Of course, if we left the TV on Discovery then we’d miss out on some other family favorites – Good Luck Charley, iCarly, Phinneas and Ferb, Spongebob, and the kitty half-time show during the Puppy Bowl.  (Not to mention SyFy’s Eureka  and, okay I’ll cop to it, FOX’s American Idol.)
Why am I telling you all of this?  I’ve been referring a lot lately to the teachings of the Vietnamese Buddhist monk Thich Nhat Hanh.  I’m going to do so here again.  As anyone who knows his teachings can tell you, Thich Nhat Hanh puts a great deal of emphasis on smiling as a spiritual practice.  He has said, as do most Zen teachers, that it’s essential to put in two daily practice sessions of at least twenty minutes each.  He has also said, however, that if one can’t manage to do that that one session is better than nothing.  And if you can’t manage one twenty minute session each day, then you should aim for ten.  If even that’s impossible, then try and take five real breaths at some point during the day.  And if you can’t do even that, then try to smile one fully authentic and aware smile before getting out of bed.
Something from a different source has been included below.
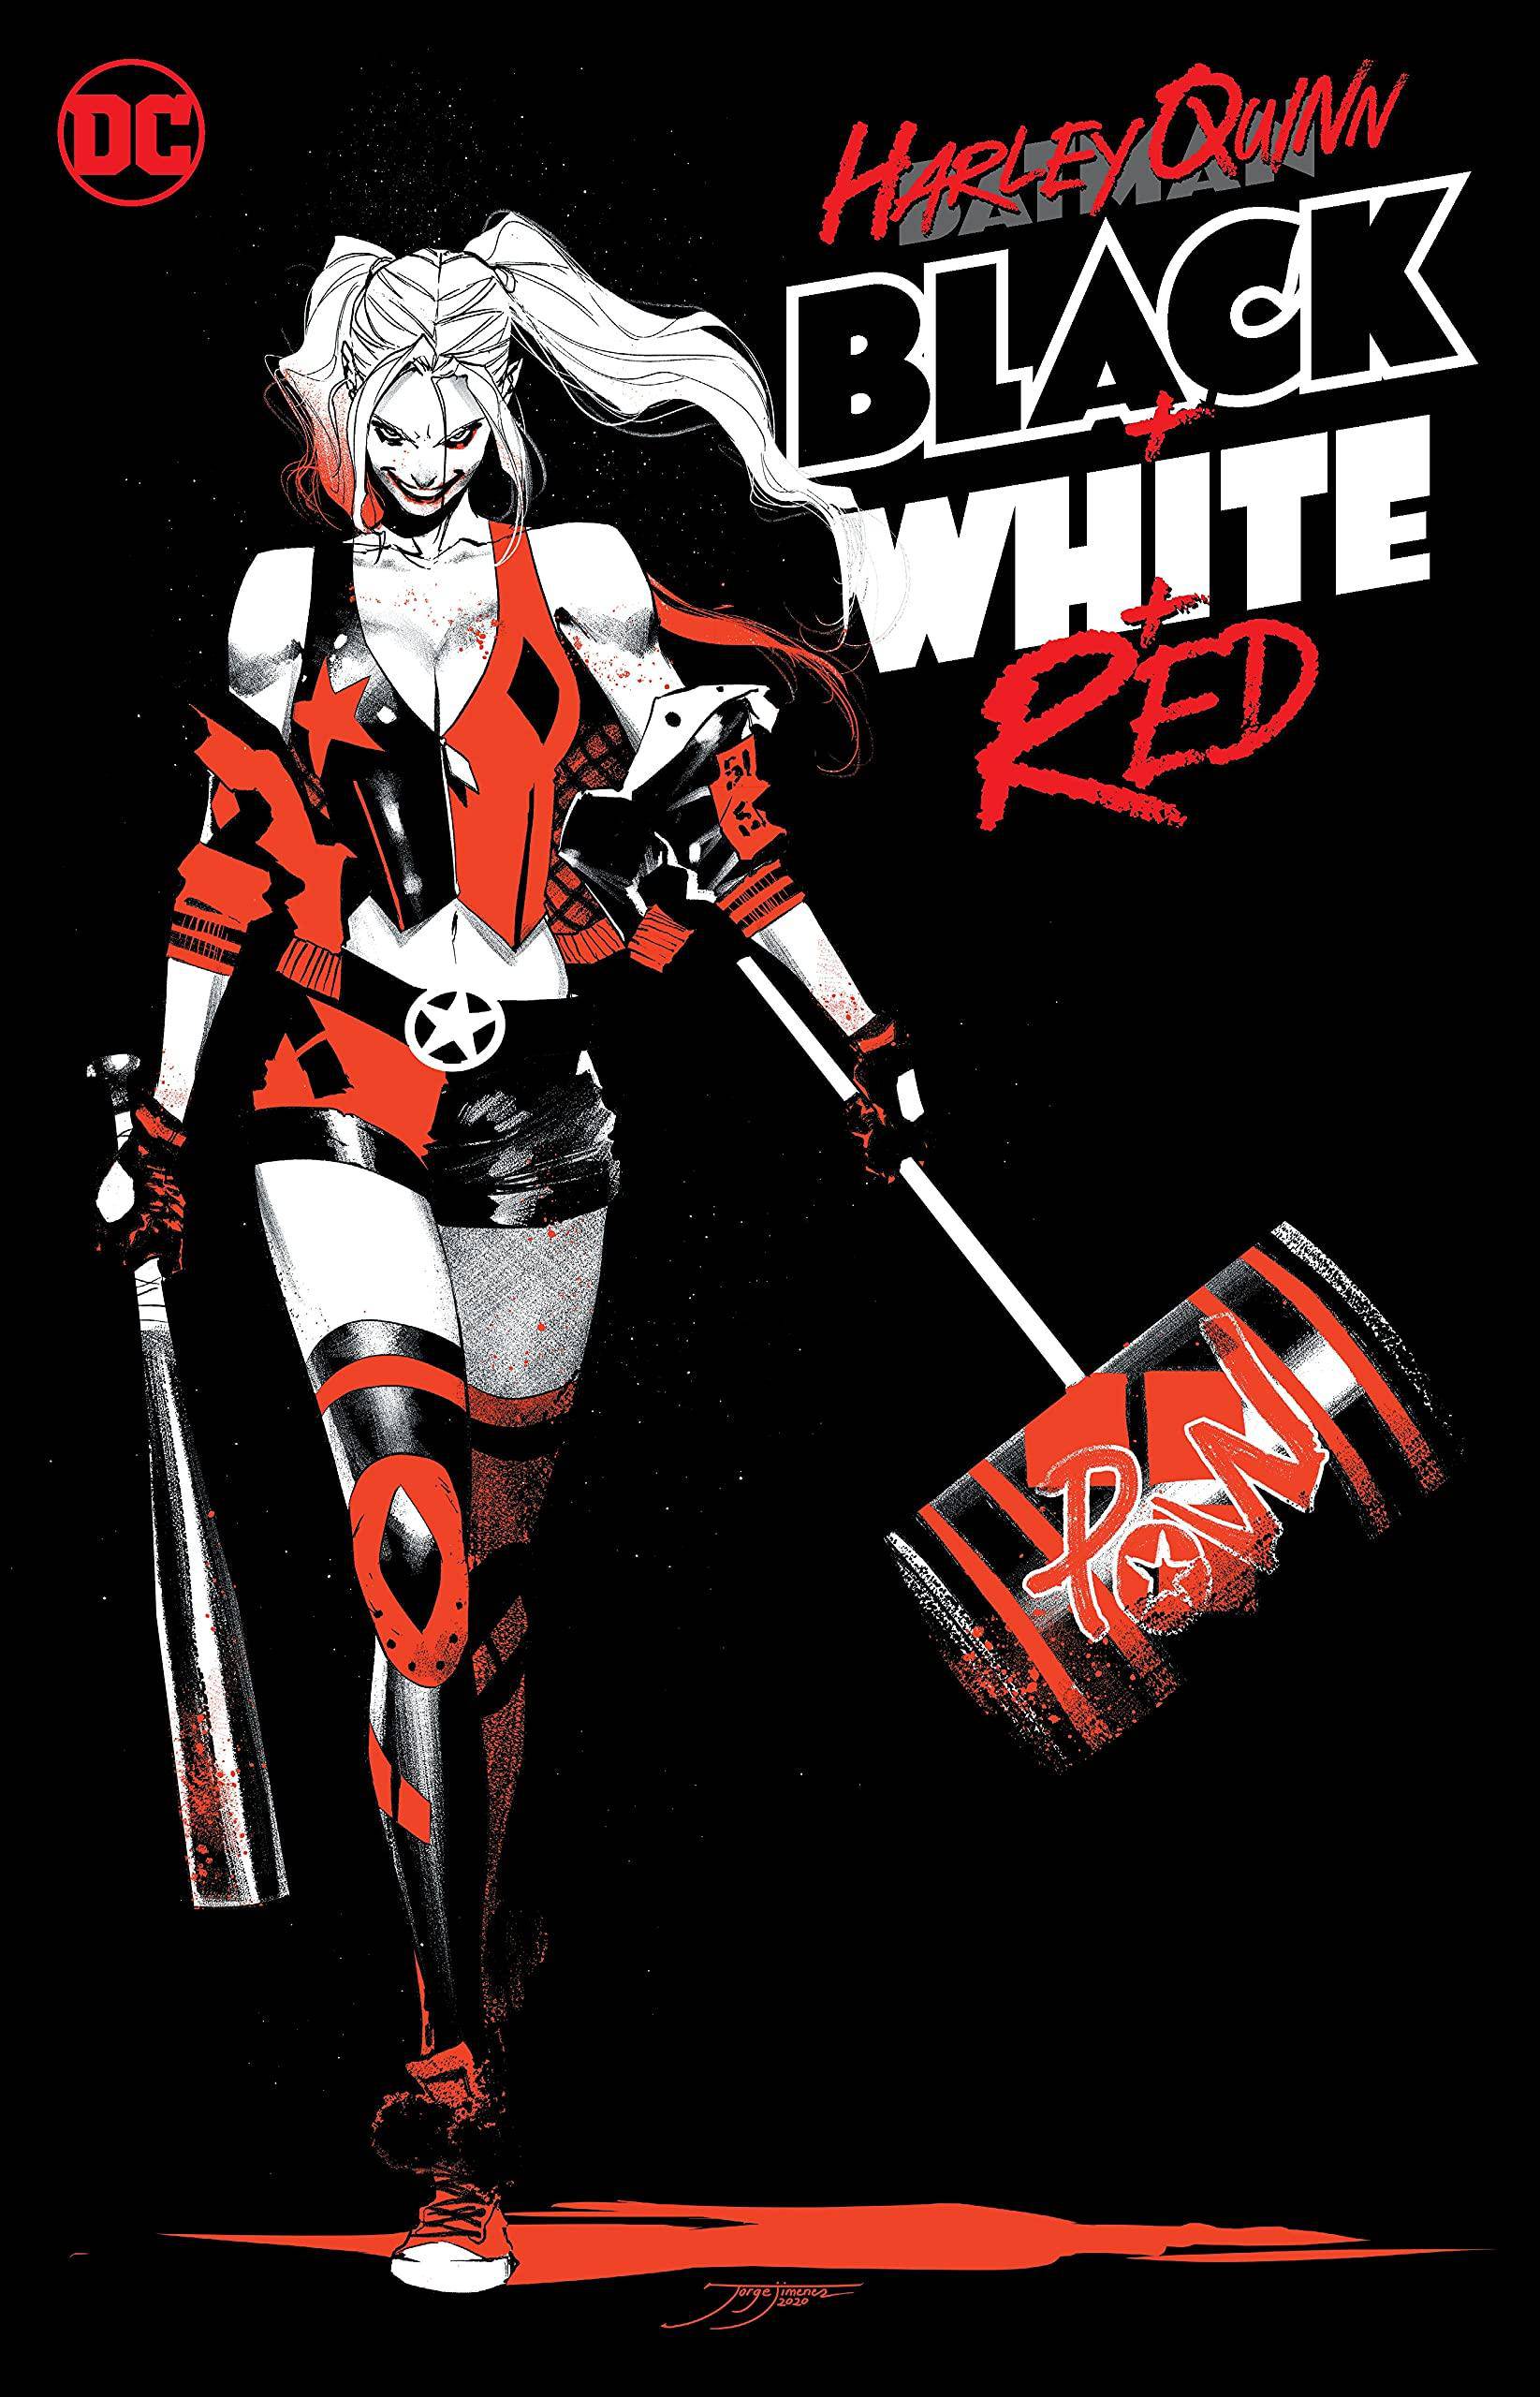 Harley Quinn Black + White + Red - SureShot Books Publishing LLC

Smiling as a spiritual practice.  He once famously wrote that it is true that the world is full of suffering.  This, after all, is the first of the Buddha’s Four Noble Truths – “life is suffering.”  But Nhat Hanh doesn’t stop there.  The world is full of suffering, he says, but it is also full of the blue sky and the eyes of a baby.  “It would be a shame,” he wrote, “if we were only aware of the suffering.”  Breathing in, I relax body and mind.  Breathing out, I smile.
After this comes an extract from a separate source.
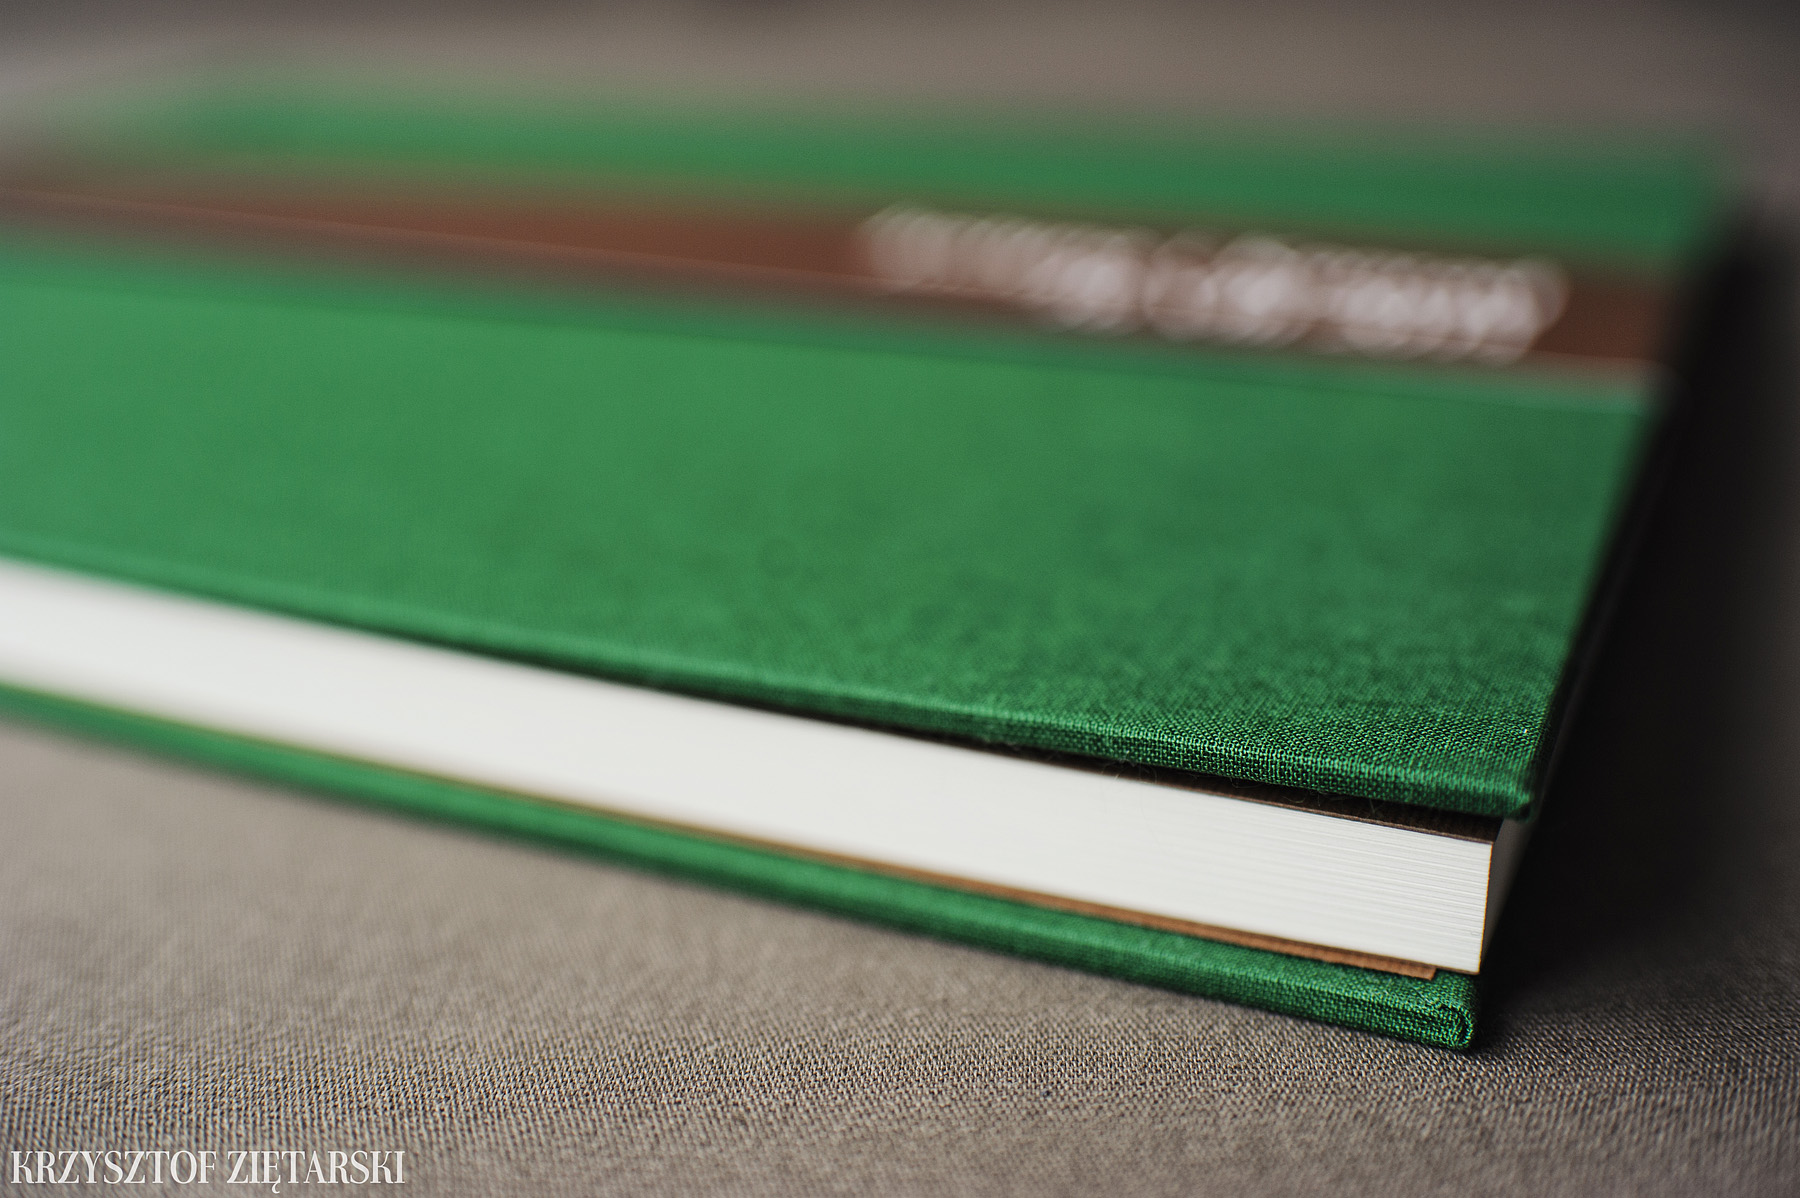 KrukBook 40x30cm, papier kremowy niepowlekany, zielone płótno C25 i tabakowa wyklejka - zdjęcia, przykłady

But one day one of his students approached her teacher and said, “But what if my heart is full of sadness?  How can I smile?”  What if I’m going through a difficult period?  What if I’m angry?  Or grieving?  Or scared?  What if I’m trying to figure out how to keep everything from falling apart?  What if I can’t imagine how I’m going to make it through another day?  How can I smile?
I know this question.  I’ve known heart ache.  I’ve known pain – physical, emotional, mental, spiritual agony, not to put too fine a point on it.  I’ve known loss, and I’ve known rage, and I’ve known fear.  You have too, so we know this question – what if our hearts are full of sadness?  How can we smile?
Some of you know that I’ve been sick off and on for the past several weeks.  Some of you have been in classes or meetings that I’ve had to cancel or postpone; some of you have been wondering why I didn’t respond to that e-mail or phone message you’d left.  Some of you’ve seen me and just had the feeling that something wasn’t right. 
Most of you, I hope, haven’t noticed anything.  I’ve been here in the pulpit or in the office; in a class or in a meeting; and you haven’t had an inkling that there was anything wrong.  As I said, I hope that this has been most of you.  But some of you have seen something, and what you’ve seen have been the physical and mental manifestations of the Depression I’ve been wrestling with off and on for some time now.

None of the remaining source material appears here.